BELUM lagi jelas perkembangan cerita pemecatan dua pejabat
tinggi Dirbin Film Deppen, drs Sunaryo St dan Narto Erawan
(TEMPO 21 Januari 1978), tiba-tiba kedua pejabat itu sudah
diberi pula jabatan baru.
Lewat instruksi Dirjen Radio Film dan Televisi (RTF), sejak 30
Januari yang lalu, drs Sunaryo St mendapit kedudukan baru
sebagai Anggota Satuan Tugas Penangan Pembuatan Film Proyek
Mass Media Perfilman. Sedang Narto Erawan diperbantukan pada
Kepala Bagian Penyusunan Program dan Laporan Sekretariat
Dirjen RTF. Apakah pengangkatan tersebut berarti rehabilitasi
terhadap nama baik kedua pejabat yang diberhentikan dengan
tuduhan melakukan pemalsuan surat-surat rekomendasi?
Haji Ismael Hassan SH, Direktur Bina Humas Deppen memberikan
jawaban: "Ini mutasi saja, dan kejadian macam. ini sudah hal
yang lumrah. Lagi pula kami tidak pernah merasa mencemarkan nama
baik mereka."
Ismael memang boleh tidak merasa mencemarkan nama baik kedua
pejabat Deppen itu, tapi Sunaryo St berpendapat lain. Ia
kabarnya menilai pemecatan dan penjelasan humas Deppen
(ditandatangani oleh H. Ismael Hassan SH) sebagai "pukulan yang
luar biasa serta dirasakan sebagai suatu keaiban yang menodai
pengabdian kami selaku pegawai negeri . . ." Ia sudah
menjelaskan duduk perkaranya kepada Menteri Penerangan a.i.
Sudhannono SH.
Tapi dari Ismael Hassan juga diperoleh keterangan bahwa
pemeriksaan atas diri kedua pejabat itu masih terus berlangsung.
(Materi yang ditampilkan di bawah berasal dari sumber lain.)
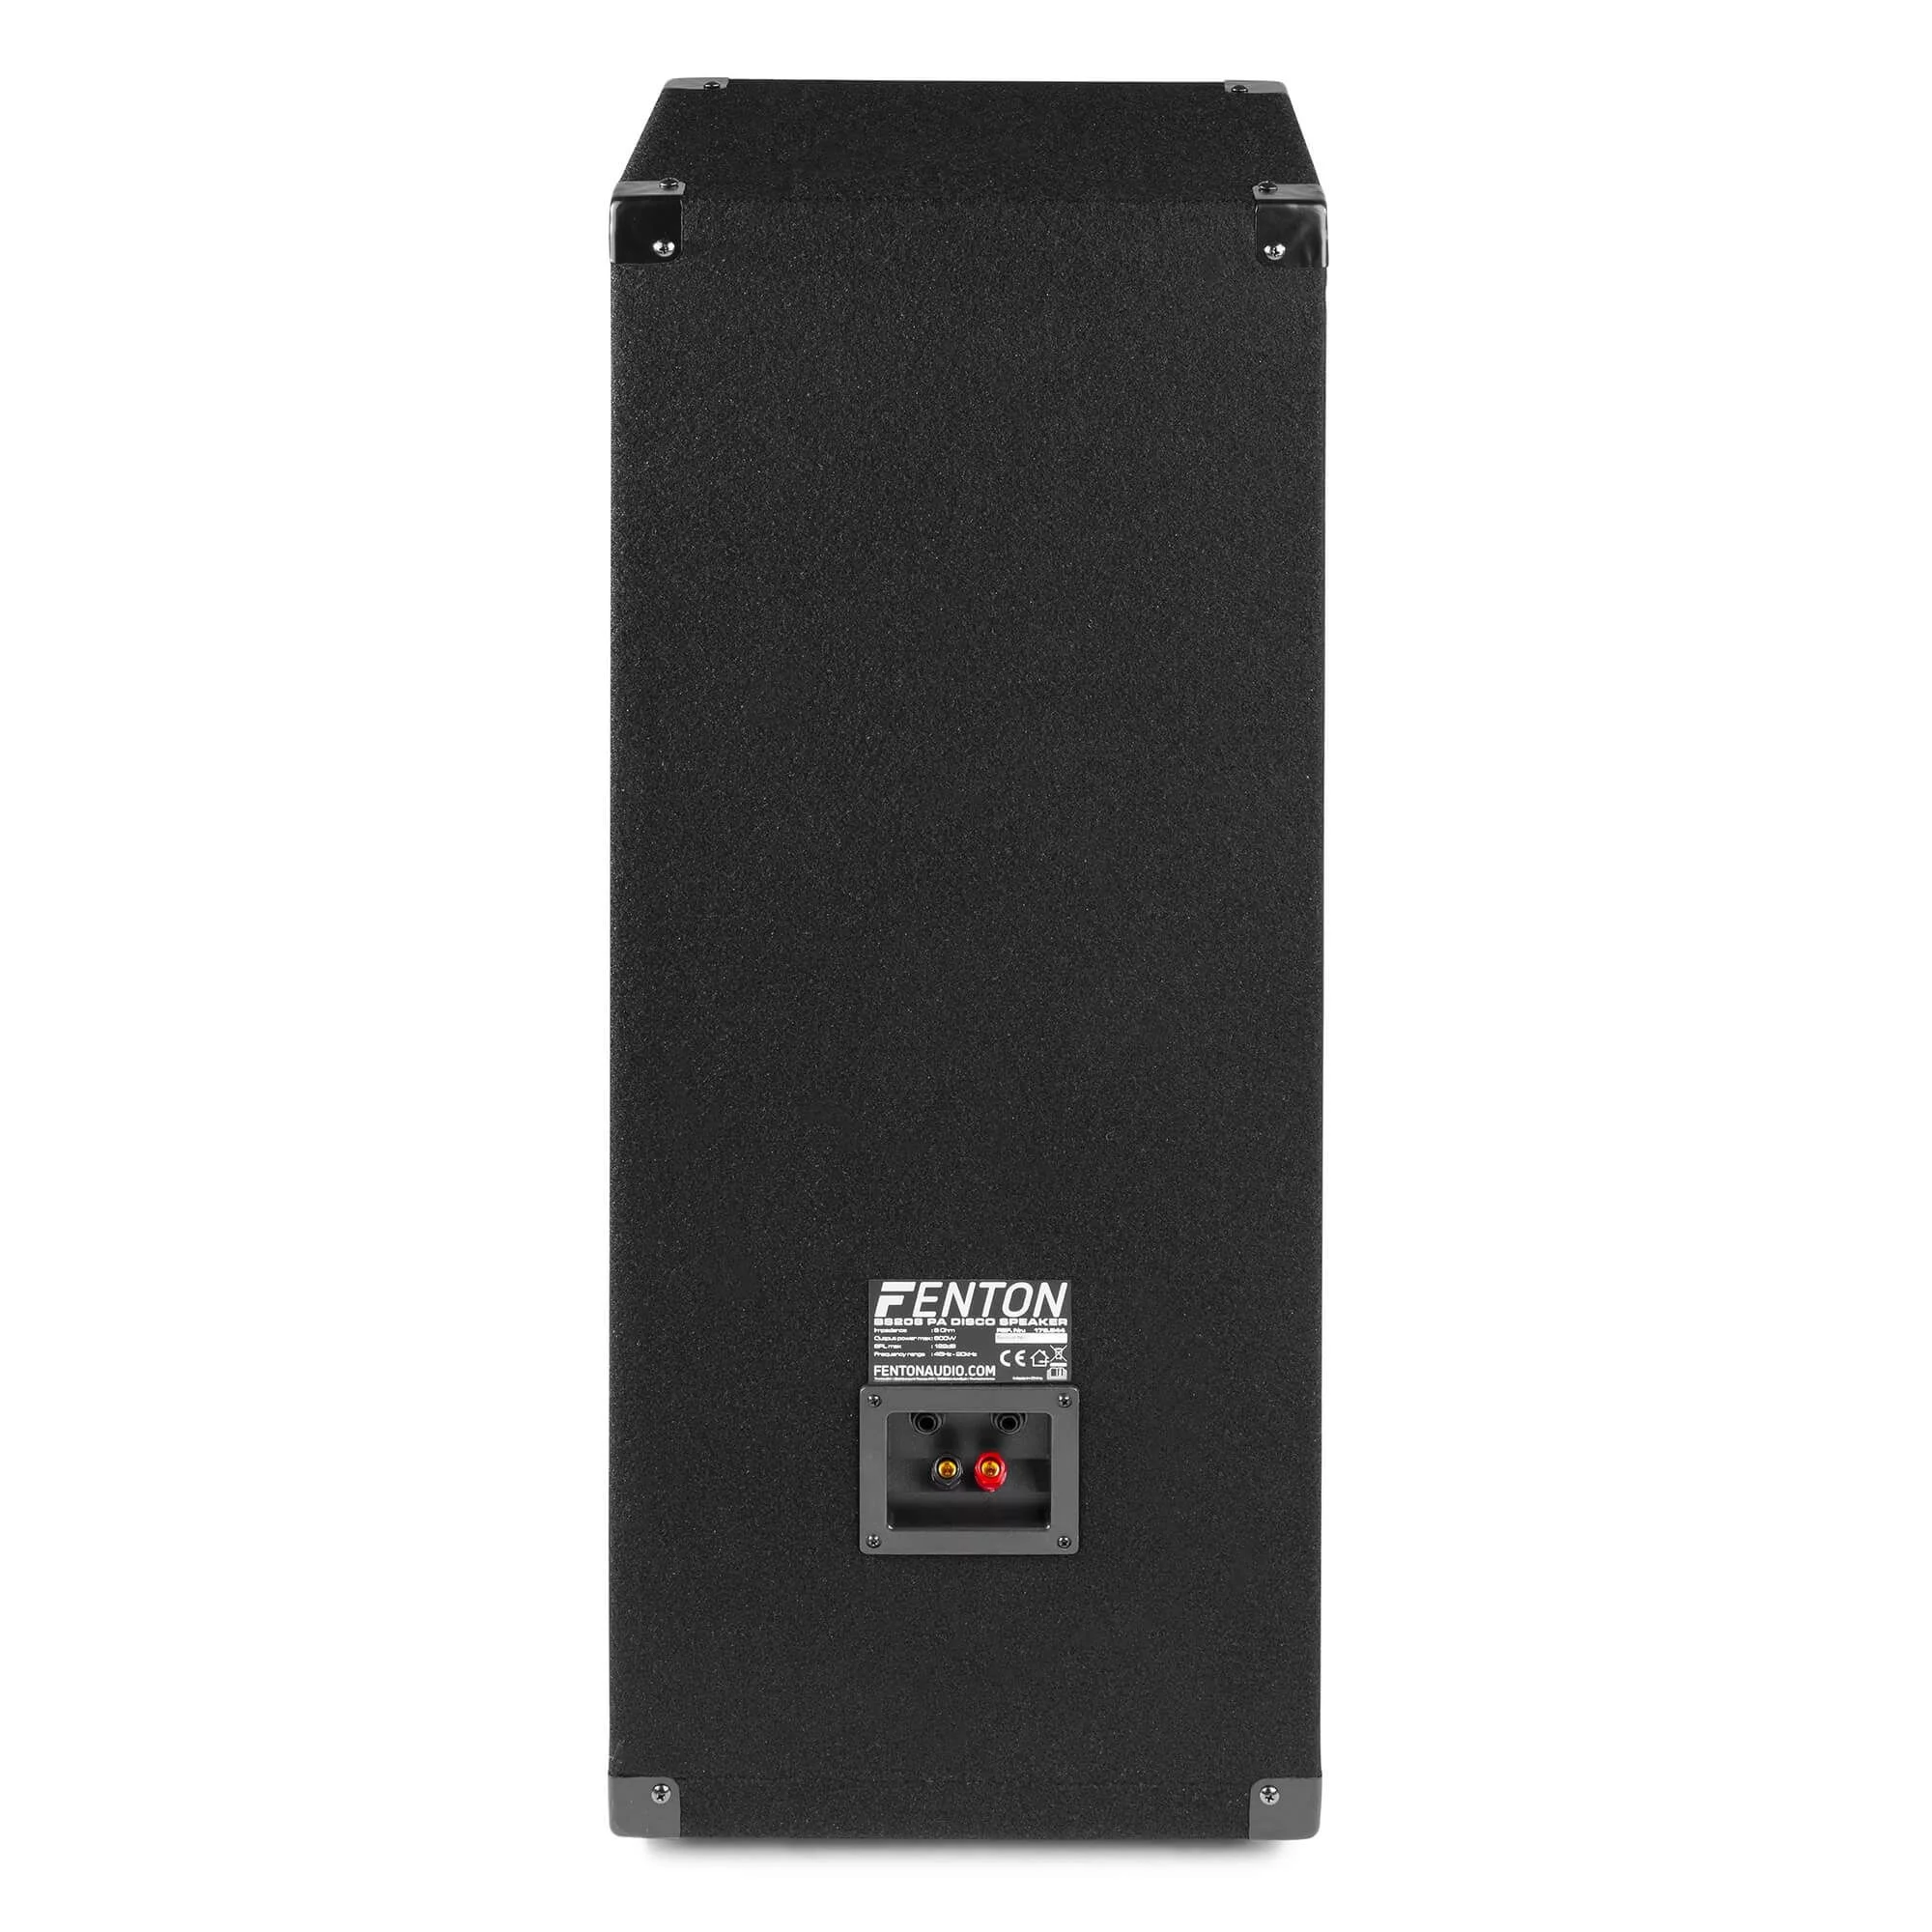 Fenton bs208 disco speaker 2x 8 met ledaposs 600w 5

"Mereka tetap datang ke kantor untuk melancarkan jalannya
pemeriksaan terhadap penyimpangan yang mereka lakukan," kata
Ismael kepada Widi Yarmanto dari TEMPO. Setelah bebrapa hari
dilakukan pemeriksaan sudahkah diketahui kesalahan mereka di
"Vonnis memang belum dijatuhkan, jadi masih belum diketahui
salah tidaknya mereka," jawab Ismael.
Kalau belum diketahui salah tidaknya, mengapa dipecat? Dan
setelah dipecat, proses pemeriksaan belum selesai, sudah diberi
jabatan baru lagi? "Mereka itu tidak dipecat, cuma dimutasikan.
Dan sebagai pegawai Deppen, wajar kalau mereka dapat tugas. Kami
tidak ingin melihat pengangguran dalam departemen," jawab Ismael
Hassan.
Bagaimana tanggapan drs Sunaryo St dan Narto Erawan terhadap
keputusan baru atas diri mereka itu? Wartawan TEMPO yang
berhasil menemui Sunaryo ternyata gagal mendapatkan tanggapan
dari bekas Direktur Bina Film itu, "Ada ketentuan bahwa kita
tidak boleh memberikan keterangan kepada pers," katanya lesu.
Konsensus Diam
Sudah tentu sulit untuk mengecek kebenaran persoalan ini jika
para pejabat Deppen sudah mencapai konsensus untuk tidak memberi
keterangan kepada pers mengenai kasus Sunaryo dan Narto.
Satu-satunya jawaban yang diperoleh TEMPO datangnya dari
Zulharmans, Direktur PT Peredaran Film Nasional (Perfin). Kata
Zulharmans: "Pemberhentian dari jabatan atas seorang pejabat
oleh atasannya adalah lumrah, namun untuk saya, release itu
terasa sangat drastis, karena ia justru mengundang trial by the
press, suatu hal yang melanggar hak asasi seseorang."
Sehubungan dengan disebut-sebutnya nama bekas Menpen Mashuri SH
dalam kasus kekisruhan film impor dewasa ini, Zulharmans -
sebagai orang yang dekat dengan Mashuri, menegaskan: "Saya tidak
percaya bahwa beliau terlibat dalam hal sogok menyogok. Di
samping soal itu pasti melanggar sumpah dan menghinakan diri
sebagai pejuang, hal itu juga tidak terlihat dalam tata
kehidupan beliau yang saya lihat cukup sederhana."